As we commemorate the passing of one year since Pope Francis released his encyclical Laudato Si’ (“On the care for our common home”), it is worth reminding ourselves how the pope’s re-presentation of Catholic social doctrine through the lens of “integral ecology” can help us address some of the most challenging socio-political problems of our day, especially as we evaluate candidates in this election season.
Integral ecology is an ethic that respects both persons and the environment and does justice to both. In other words, it seeks to foster right relationships between people and communities, as well as between humans and the created order with which God has blessed us.
Being in right relationship with others includes being in right relationship with future generations—not saddling them with challenges that will burden their well-being, and embracing the responsibility to leave the world better than we found it.
Sadly, a culture of instant gratification and ideological rigidity has blinded us to our inter-generational responsibilities, and has led us to pile debt in various forms upon those who will come after us. Both our national debt and the accumulating ecological debt are regularly (and rightly) described as “unsustainable,” and pose grave threats to future generations and to the planet itself.
By one measurement, the U.S. government had $76.4 trillion in debts, liabilities, and unfunded obligations at the end of FY 2015. That amounts to $237,284 for every person living in the U.S, and $613,531 for every household in the U.S.
This is a major policy crisis for the American public.
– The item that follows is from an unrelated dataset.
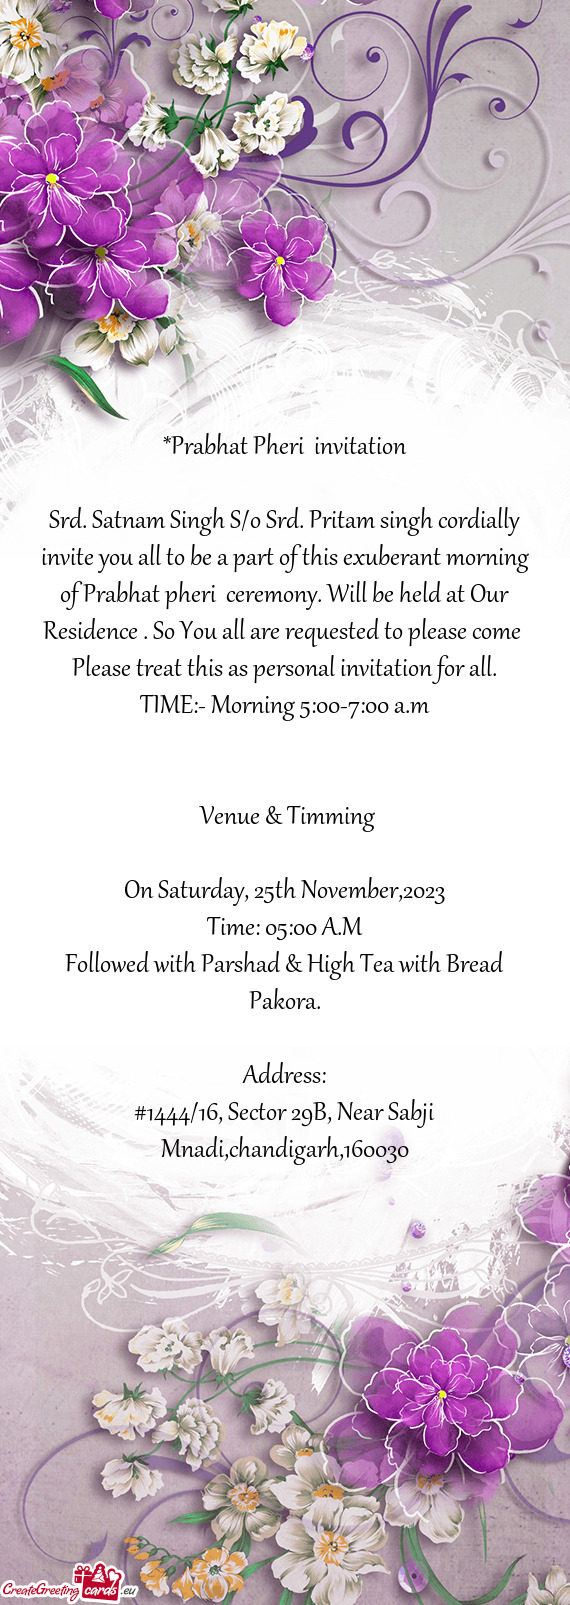 Srd. Satnam Singh S/o Srd. Pritam singh cordially invite you all to be a part of this exuberant morn

According to a 2014 report by the Congressional Budget Office, some potential consequences of unchecked government debt include: reduced “future national income and living standards”; “higher inflation” that decreases “the purchasing power” of citizens’ savings and income; and increased “probability of a fiscal crisis in which investors would lose confidence in the government’s ability to manage its budget.”
Similarly, our ecological debt—the disparity between how much we use and waste and how much our local environment can produce and absorb—is staggering. Not only do our consumption patterns entail the creation of an excess of greenhouse gases that may contribute to climate change and a host of accompanying problems, but they also rely upon extracting natural resources from developing countries, harming their natural environment while leaving them with few returns.
As Pope Francis notes in Laudato Si’ (51-52): “A true ‘ecological debt’ exists, particularly between the global north and south, connected to commercial imbalances with effects on the environment, and the disproportionate use of natural resources by certain countries over long periods of time.” As a result, “the developed countries ought to help pay this debt by significantly limiting their consumption of non-renewable energy and by assisting poorer countries to support policies and programs of sustainable development.”
Seeing the whole
Unfortunately, public officials tend to see the potential impact of only one form of debt, and sometimes minimize the impact of other forms. And there is often an unwillingness or inability to make a connection between the national debt and the ecological one, limiting their ability to address either. Our attachment to ideologies, along with our own biases and limited horizons, often prevent us from seeing the right solutions.
By contrast, Catholic social doctrine, deepened in the discussion of integral ecology in Laudato Si’, helps us see the connectedness of things, and beyond the dis-integrated politics of half-truths and either/or solutions. Seeing the whole may lead us to restrain both government spending and consumption patterns (even though they may benefit us materially today) to preserve our common home for future generations.
The earth, its people, and its goods, are a gift given to us by the Creator. They are not ours to spend as we see fit, but instead are given to us to steward—to till and to keep. We’ve done too much tilling, and not enough keeping.
Jason Adkins is executive director of the Minnesota Catholic Conference.